I left some without the toasted coconut.




Ratings:

Mom - A-
The flavor of these was spot on, and I'm a sucker for almond extract anything. The only reason for the minus is that, to me they were a little dry and the once crunchy toasted coconut, got soft as they sat over night.

R2 - F
I guess I don't like coconut.
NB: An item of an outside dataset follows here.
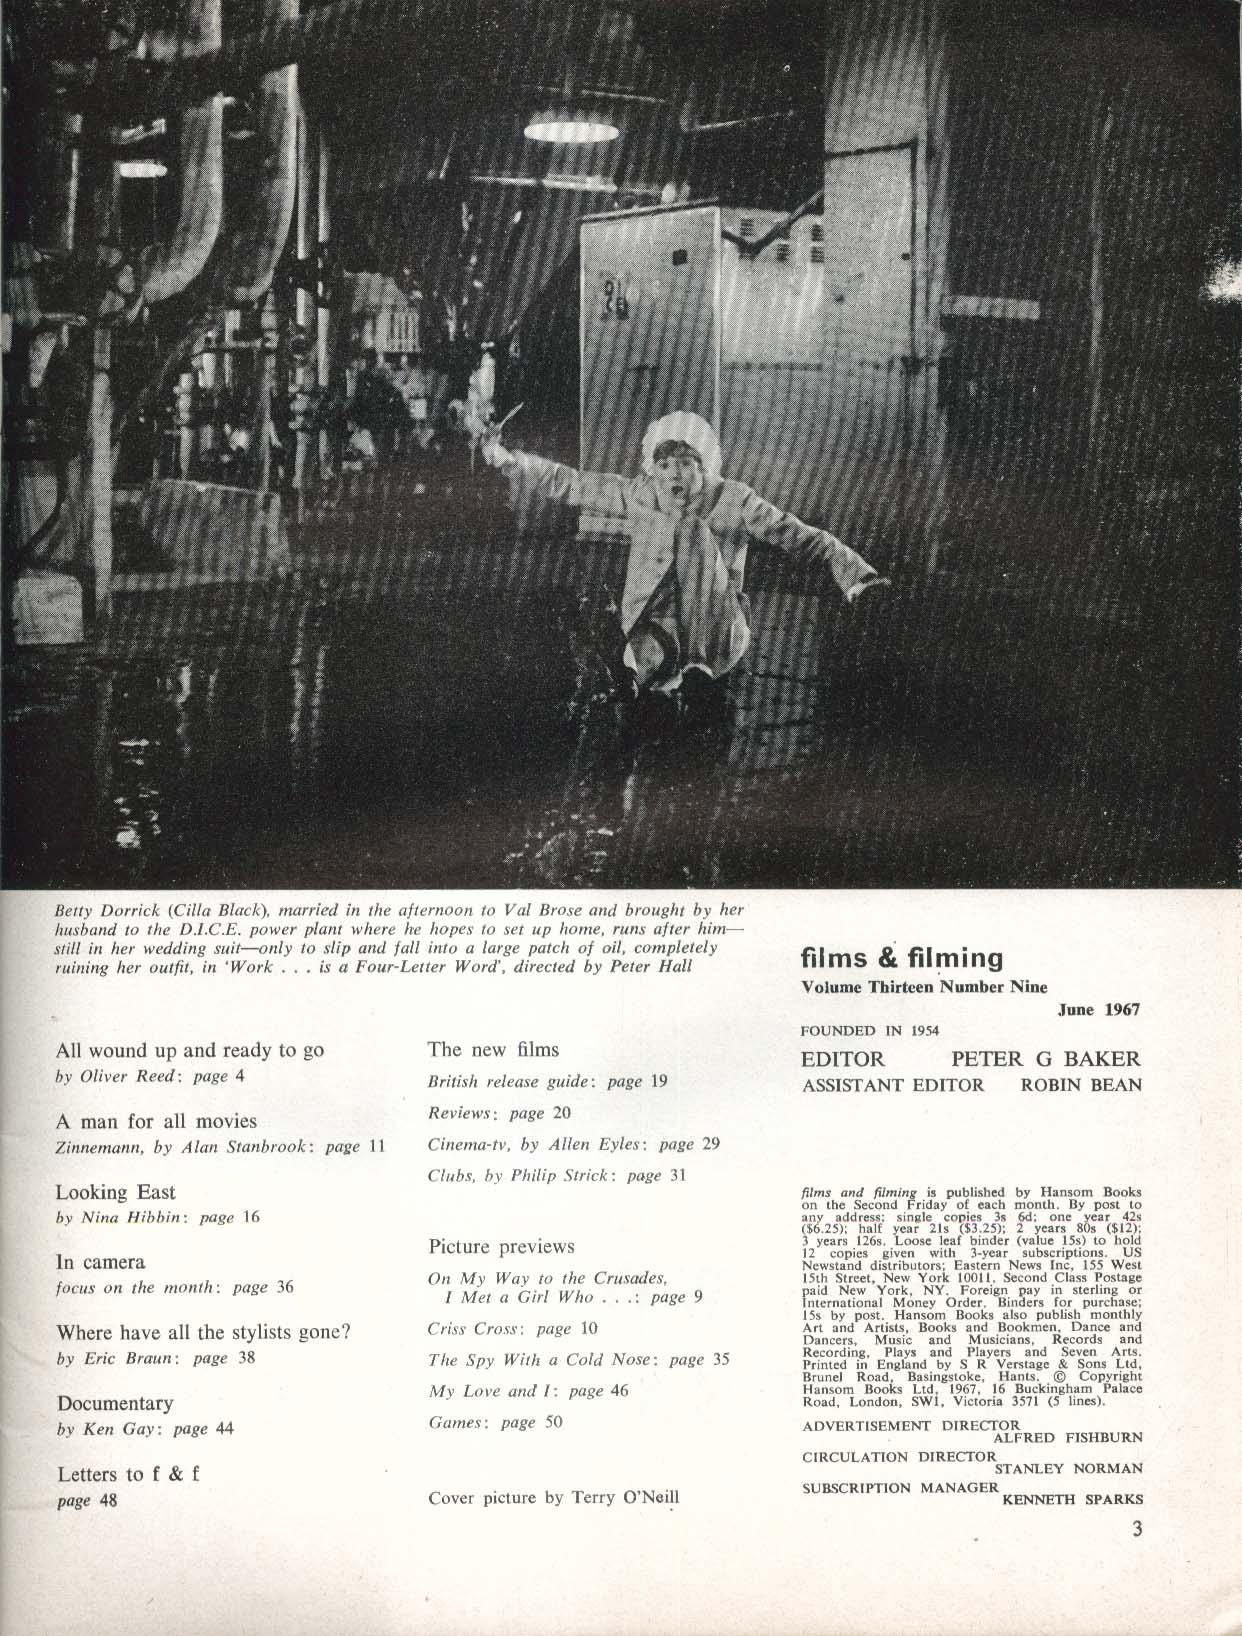 FILMS & FILMING Paul Jones Jean Shrimpton Oliver Reed Fred Zinnemann 6 1967
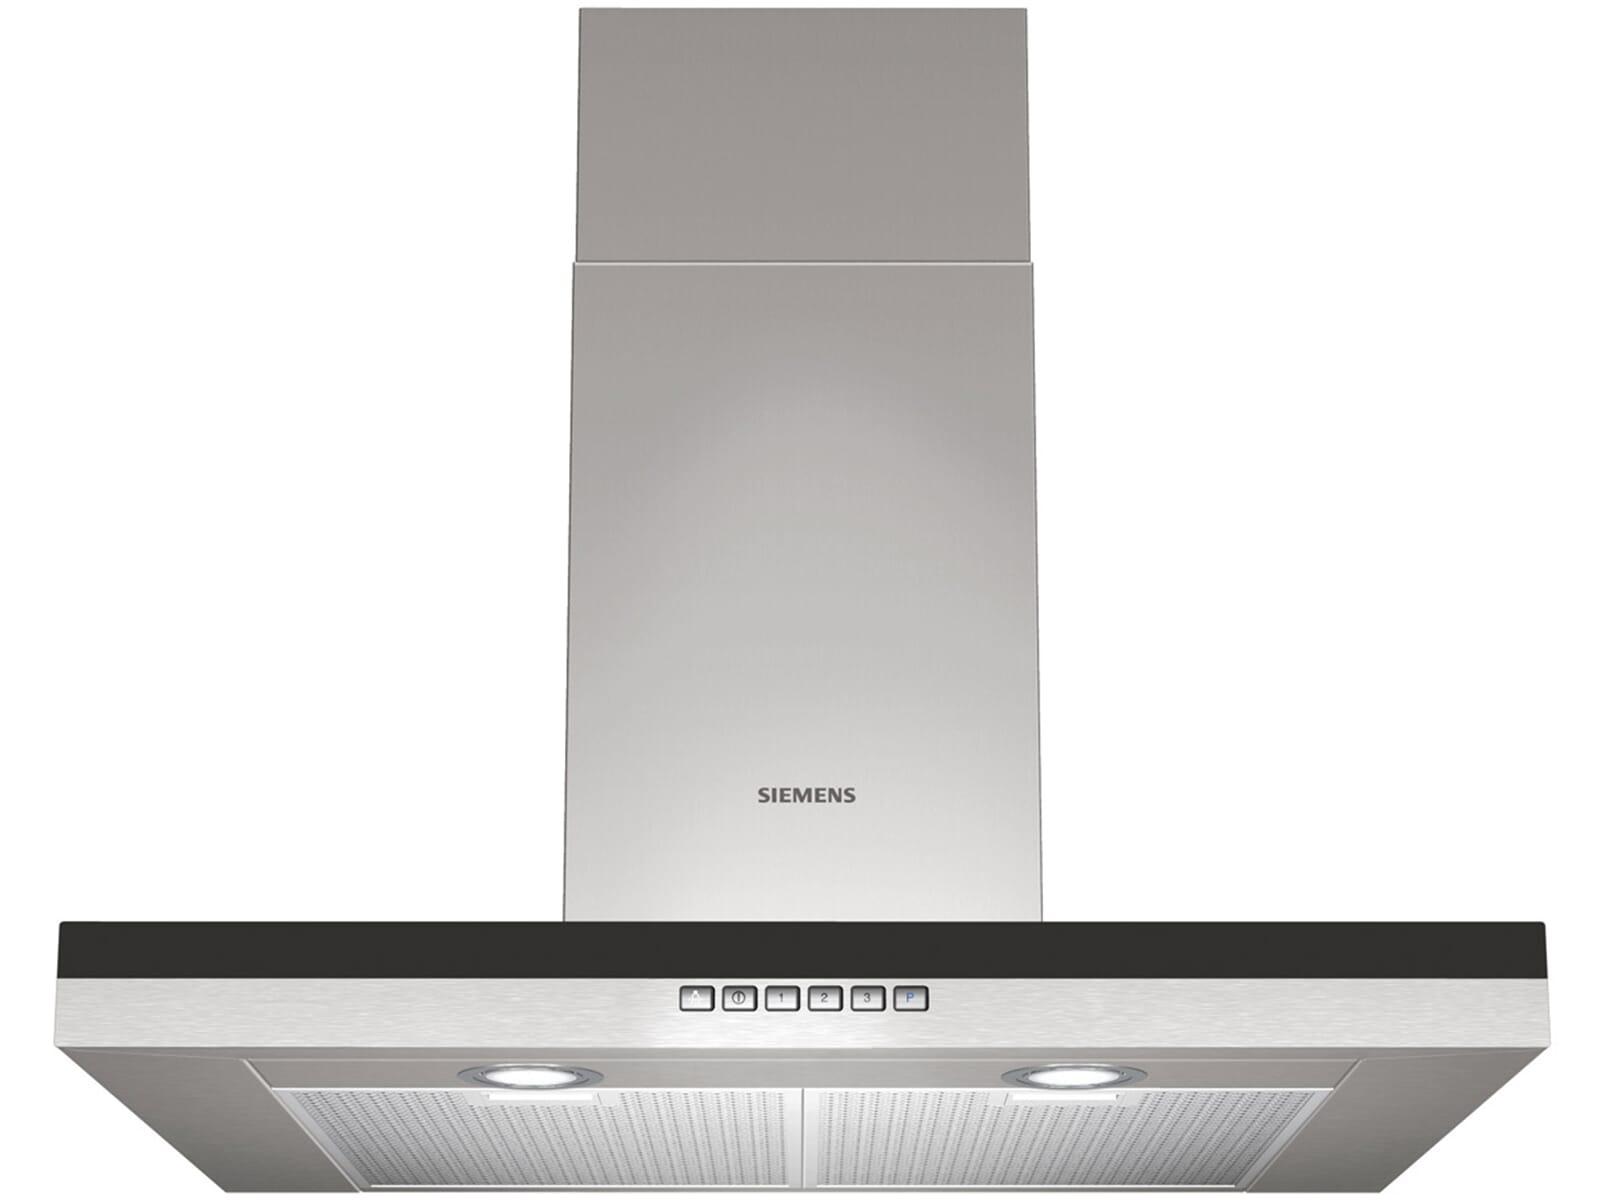 70cm WANDHAUBE Siemens LC76BB530 Dunstabzug EDELSTAHL

They look cool though Mom.

Hank - C
He was my little helper with these from start to finish.
He devoured the frosting and after a couple of bites of the cake, he tossed it. Have I created a almost 4 year old cupcake snob?

Without further ado, here is the recipe:

Coconut Cupcakes

Cake Ingredients

1 1/2 cups butter, softened
2 cups sugar
5 eggs
1 1/2 teaspoons vanilla extract
1 1/2 teaspoons almond extract
3 cups flour
1 teaspoon baking powder
1/2 teaspoon baking soda
1/2 teaspoon salt
1 cup buttermilk (I used regular milk)
1 1/4 cups flaked coconut

Frosting Ingredients:

1 package (8 ounces) cream cheese, softened
3/4 cup butter, softened
1/2 teaspoon vanilla extract
1/2 teaspoon almond extract
2 3/4 cups confectioners' sugar

Garnish Ingredients:

1 cup flaked coconut

Directions

1. Preheat oven to 350°.
2. In a large bowl, cream butter and sugar until light and fluffy.
3. Add eggs, one at a time, beating well after each addition.
4. Beat in extracts.
5. Combine the flour, baking powder, baking soda and salt,
6. Add to creamed mixture alternately with buttermilk, beating well after each addition.
7. Fold in coconut.
8. Fill paper-lined muffin cups 2/3 full.
9. Bake for 18-20 minutes or until a toothpick inserted near the center comes out clean.
10. Cool for 10 minutes before removing from pans to wire racks to cool completely.

For frosting, in a large bowl, beat the cream cheese, butter and extracts until smooth. Gradually beat in confectioners' sugar.
For the garnish, put the coconut into a dry non-stick pan over low heat. Move the coconut around the pan. Keep your eye on it. It can go from toasted and delicious to black in an instant. Once you have gotten it toasted to your liking (I went for a golden brown) get it out of the pan and cooling, a paper plate works just fine. Note: not all of the coconut will be toasted, some will still be un-toasted white, that's just fine.
Frost cupcakes and either sprinkle with toasted coconut or dip the frosted cupcakes into the toasted coconut.
Yield: 2-1/2 dozen.

Suggestions:

  • Wait to add the toasted coconut until right before service to keep the crunch.